> **EXERCISE DESCRIPTION**
Write out the whole listing, matching it exactly.

> **DATA FOR PROCESSING**
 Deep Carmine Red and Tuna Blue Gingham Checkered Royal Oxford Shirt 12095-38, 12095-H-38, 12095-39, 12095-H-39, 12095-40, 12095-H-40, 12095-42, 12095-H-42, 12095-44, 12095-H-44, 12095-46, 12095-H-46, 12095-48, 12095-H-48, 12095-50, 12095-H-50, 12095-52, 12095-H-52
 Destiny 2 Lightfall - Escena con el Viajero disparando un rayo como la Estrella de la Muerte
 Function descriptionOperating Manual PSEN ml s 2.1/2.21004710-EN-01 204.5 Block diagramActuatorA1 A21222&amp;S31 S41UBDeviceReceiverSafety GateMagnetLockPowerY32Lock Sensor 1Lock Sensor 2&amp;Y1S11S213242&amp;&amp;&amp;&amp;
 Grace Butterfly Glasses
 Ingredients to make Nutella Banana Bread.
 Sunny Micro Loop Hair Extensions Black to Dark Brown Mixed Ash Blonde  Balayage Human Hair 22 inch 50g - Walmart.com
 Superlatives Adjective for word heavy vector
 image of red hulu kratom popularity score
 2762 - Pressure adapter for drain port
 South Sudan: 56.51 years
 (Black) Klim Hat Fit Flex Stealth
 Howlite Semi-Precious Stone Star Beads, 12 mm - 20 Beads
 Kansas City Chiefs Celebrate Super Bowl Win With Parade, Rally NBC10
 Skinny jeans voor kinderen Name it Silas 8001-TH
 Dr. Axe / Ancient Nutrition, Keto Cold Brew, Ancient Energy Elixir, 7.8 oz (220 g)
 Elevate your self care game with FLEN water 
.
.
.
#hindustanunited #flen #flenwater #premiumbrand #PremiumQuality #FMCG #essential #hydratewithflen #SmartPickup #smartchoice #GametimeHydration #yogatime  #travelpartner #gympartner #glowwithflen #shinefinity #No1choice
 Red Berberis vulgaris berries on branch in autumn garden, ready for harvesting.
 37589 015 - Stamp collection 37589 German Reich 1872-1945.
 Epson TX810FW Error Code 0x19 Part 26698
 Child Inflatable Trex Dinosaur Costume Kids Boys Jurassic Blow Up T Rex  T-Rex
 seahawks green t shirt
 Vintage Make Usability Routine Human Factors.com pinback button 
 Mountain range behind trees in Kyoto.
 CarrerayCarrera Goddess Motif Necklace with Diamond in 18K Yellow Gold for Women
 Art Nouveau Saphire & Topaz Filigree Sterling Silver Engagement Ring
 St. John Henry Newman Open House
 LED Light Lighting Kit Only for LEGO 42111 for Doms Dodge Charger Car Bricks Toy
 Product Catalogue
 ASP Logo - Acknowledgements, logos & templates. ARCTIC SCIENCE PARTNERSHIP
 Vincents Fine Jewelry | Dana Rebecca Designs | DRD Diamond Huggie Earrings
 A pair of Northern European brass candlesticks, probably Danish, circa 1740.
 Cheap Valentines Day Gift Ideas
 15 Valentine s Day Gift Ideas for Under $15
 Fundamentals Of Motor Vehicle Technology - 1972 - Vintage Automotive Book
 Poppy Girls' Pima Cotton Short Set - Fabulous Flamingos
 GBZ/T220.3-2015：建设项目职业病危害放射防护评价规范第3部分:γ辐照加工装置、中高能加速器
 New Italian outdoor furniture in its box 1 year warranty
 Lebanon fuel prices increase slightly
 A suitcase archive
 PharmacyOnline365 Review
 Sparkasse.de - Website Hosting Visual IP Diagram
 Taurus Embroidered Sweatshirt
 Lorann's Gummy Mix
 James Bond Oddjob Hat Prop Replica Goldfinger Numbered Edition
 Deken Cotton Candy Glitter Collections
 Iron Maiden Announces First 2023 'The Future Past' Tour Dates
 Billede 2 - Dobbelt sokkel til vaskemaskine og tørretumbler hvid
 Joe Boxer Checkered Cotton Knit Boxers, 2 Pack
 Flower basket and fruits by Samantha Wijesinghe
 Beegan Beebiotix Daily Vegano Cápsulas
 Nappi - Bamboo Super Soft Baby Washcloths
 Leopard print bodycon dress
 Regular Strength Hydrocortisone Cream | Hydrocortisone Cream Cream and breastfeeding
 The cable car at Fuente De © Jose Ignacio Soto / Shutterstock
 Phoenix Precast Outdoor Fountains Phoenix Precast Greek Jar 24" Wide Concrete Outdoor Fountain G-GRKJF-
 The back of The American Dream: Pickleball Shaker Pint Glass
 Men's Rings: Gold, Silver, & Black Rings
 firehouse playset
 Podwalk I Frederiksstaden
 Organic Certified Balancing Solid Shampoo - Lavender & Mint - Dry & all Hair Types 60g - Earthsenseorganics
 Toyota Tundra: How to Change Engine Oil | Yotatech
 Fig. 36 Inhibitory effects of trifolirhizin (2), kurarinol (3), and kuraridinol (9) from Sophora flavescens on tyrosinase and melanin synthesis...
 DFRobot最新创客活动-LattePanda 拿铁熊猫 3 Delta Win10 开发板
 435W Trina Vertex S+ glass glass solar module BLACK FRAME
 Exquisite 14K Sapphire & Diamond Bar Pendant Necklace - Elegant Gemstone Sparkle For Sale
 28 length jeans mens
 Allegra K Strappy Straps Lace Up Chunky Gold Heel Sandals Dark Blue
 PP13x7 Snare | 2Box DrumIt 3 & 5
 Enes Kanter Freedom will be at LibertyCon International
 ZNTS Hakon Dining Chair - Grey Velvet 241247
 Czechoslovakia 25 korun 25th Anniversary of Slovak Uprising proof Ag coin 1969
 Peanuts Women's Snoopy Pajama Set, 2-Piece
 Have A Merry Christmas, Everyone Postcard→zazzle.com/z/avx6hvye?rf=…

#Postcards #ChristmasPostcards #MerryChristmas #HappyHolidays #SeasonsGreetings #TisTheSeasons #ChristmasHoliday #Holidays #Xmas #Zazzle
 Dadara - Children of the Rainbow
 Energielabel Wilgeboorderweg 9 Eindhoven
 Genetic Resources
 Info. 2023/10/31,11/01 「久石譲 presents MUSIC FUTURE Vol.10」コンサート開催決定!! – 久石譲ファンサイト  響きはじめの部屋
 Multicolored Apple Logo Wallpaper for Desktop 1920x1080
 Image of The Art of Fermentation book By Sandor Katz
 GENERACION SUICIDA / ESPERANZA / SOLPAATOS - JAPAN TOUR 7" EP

> **SOLUTION**
 Deep Carmine Red and Tuna Blue Gingham Checkered Royal Oxford Shirt 12095-38, 12095-H-38, 12095-39, 12095-H-39, 12095-40, 12095-H-40, 12095-42, 12095-H-42, 12095-44, 12095-H-44, 12095-46, 12095-H-46, 12095-48, 12095-H-48, 12095-50, 12095-H-50, 12095-52, 12095-H-52
 Destiny 2 Lightfall - Escena con el Viajero disparando un rayo como la Estrella de la Muerte
 Function descriptionOperating Manual PSEN ml s 2.1/2.21004710-EN-01 204.5 Block diagramActuatorA1 A21222&amp;S31 S41UBDeviceReceiverSafety GateMagnetLockPowerY32Lock Sensor 1Lock Sensor 2&amp;Y1S11S213242&amp;&amp;&amp;&amp;
 Grace Butterfly Glasses
 Ingredients to make Nutella Banana Bread.
 Sunny Micro Loop Hair Extensions Black to Dark Brown Mixed Ash Blonde  Balayage Human Hair 22 inch 50g - Walmart.com
 Superlatives Adjective for word heavy vector
 image of red hulu kratom popularity score
 2762 - Pressure adapter for drain port
 South Sudan: 56.51 years
 (Black) Klim Hat Fit Flex Stealth
 Howlite Semi-Precious Stone Star Beads, 12 mm - 20 Beads
 Kansas City Chiefs Celebrate Super Bowl Win With Parade, Rally NBC10
 Skinny jeans voor kinderen Name it Silas 8001-TH
 Dr. Axe / Ancient Nutrition, Keto Cold Brew, Ancient Energy Elixir, 7.8 oz (220 g)
 Elevate your self care game with FLEN water 
.
.
.
#hindustanunited #flen #flenwater #premiumbrand #PremiumQuality #FMCG #essential #hydratewithflen #SmartPickup #smartchoice #GametimeHydration #yogatime  #travelpartner #gympartner #glowwithflen #shinefinity #No1choice
 Red Berberis vulgaris berries on branch in autumn garden, ready for harvesting.
 37589 015 - Stamp collection 37589 German Reich 1872-1945.
 Epson TX810FW Error Code 0x19 Part 26698
 Child Inflatable Trex Dinosaur Costume Kids Boys Jurassic Blow Up T Rex  T-Rex
 seahawks green t shirt
 Vintage Make Usability Routine Human Factors.com pinback button 
 Mountain range behind trees in Kyoto.
 CarrerayCarrera Goddess Motif Necklace with Diamond in 18K Yellow Gold for Women
 Art Nouveau Saphire & Topaz Filigree Sterling Silver Engagement Ring
 St. John Henry Newman Open House
 LED Light Lighting Kit Only for LEGO 42111 for Doms Dodge Charger Car Bricks Toy
 Product Catalogue
 ASP Logo - Acknowledgements, logos & templates. ARCTIC SCIENCE PARTNERSHIP
 Vincents Fine Jewelry | Dana Rebecca Designs | DRD Diamond Huggie Earrings
 A pair of Northern European brass candlesticks, probably Danish, circa 1740.
 Cheap Valentines Day Gift Ideas
 15 Valentine s Day Gift Ideas for Under $15
 Fundamentals Of Motor Vehicle Technology - 1972 - Vintage Automotive Book
 Poppy Girls' Pima Cotton Short Set - Fabulous Flamingos
 GBZ/T220.3-2015：建设项目职业病危害放射防护评价规范第3部分:γ辐照加工装置、中高能加速器
 New Italian outdoor furniture in its box 1 year warranty
 Lebanon fuel prices increase slightly
 A suitcase archive
 PharmacyOnline365 Review
 Sparkasse.de - Website Hosting Visual IP Diagram
 Taurus Embroidered Sweatshirt
 Lorann's Gummy Mix
 James Bond Oddjob Hat Prop Replica Goldfinger Numbered Edition
 Deken Cotton Candy Glitter Collections
 Iron Maiden Announces First 2023 'The Future Past' Tour Dates
 Billede 2 - Dobbelt sokkel til vaskemaskine og tørretumbler hvid
 Joe Boxer Checkered Cotton Knit Boxers, 2 Pack
 Flower basket and fruits by Samantha Wijesinghe
 Beegan Beebiotix Daily Vegano Cápsulas
 Nappi - Bamboo Super Soft Baby Washcloths
 Leopard print bodycon dress
 Regular Strength Hydrocortisone Cream | Hydrocortisone Cream Cream and breastfeeding
 The cable car at Fuente De © Jose Ignacio Soto / Shutterstock
 Phoenix Precast Outdoor Fountains Phoenix Precast Greek Jar 24" Wide Concrete Outdoor Fountain G-GRKJF-
 The back of The American Dream: Pickleball Shaker Pint Glass
 Men's Rings: Gold, Silver, & Black Rings
 firehouse playset
 Podwalk I Frederiksstaden
 Organic Certified Balancing Solid Shampoo - Lavender & Mint - Dry & all Hair Types 60g - Earthsenseorganics
 Toyota Tundra: How to Change Engine Oil | Yotatech
 Fig. 36 Inhibitory effects of trifolirhizin (2), kurarinol (3), and kuraridinol (9) from Sophora flavescens on tyrosinase and melanin synthesis...
 DFRobot最新创客活动-LattePanda 拿铁熊猫 3 Delta Win10 开发板
 435W Trina Vertex S+ glass glass solar module BLACK FRAME
 Exquisite 14K Sapphire & Diamond Bar Pendant Necklace - Elegant Gemstone Sparkle For Sale
 28 length jeans mens
 Allegra K Strappy Straps Lace Up Chunky Gold Heel Sandals Dark Blue
 PP13x7 Snare | 2Box DrumIt 3 & 5
 Enes Kanter Freedom will be at LibertyCon International
 ZNTS Hakon Dining Chair - Grey Velvet 241247
 Czechoslovakia 25 korun 25th Anniversary of Slovak Uprising proof Ag coin 1969
 Peanuts Women's Snoopy Pajama Set, 2-Piece
 Have A Merry Christmas, Everyone Postcard→zazzle.com/z/avx6hvye?rf=…

#Postcards #ChristmasPostcards #MerryChristmas #HappyHolidays #SeasonsGreetings #TisTheSeasons #ChristmasHoliday #Holidays #Xmas #Zazzle
 Dadara - Children of the Rainbow
 Energielabel Wilgeboorderweg 9 Eindhoven
 Genetic Resources
 Info. 2023/10/31,11/01 「久石譲 presents MUSIC FUTURE Vol.10」コンサート開催決定!! – 久石譲ファンサイト  響きはじめの部屋
 Multicolored Apple Logo Wallpaper for Desktop 1920x1080
 Image of The Art of Fermentation book By Sandor Katz
 GENERACION SUICIDA / ESPERANZA / SOLPAATOS - JAPAN TOUR 7" EP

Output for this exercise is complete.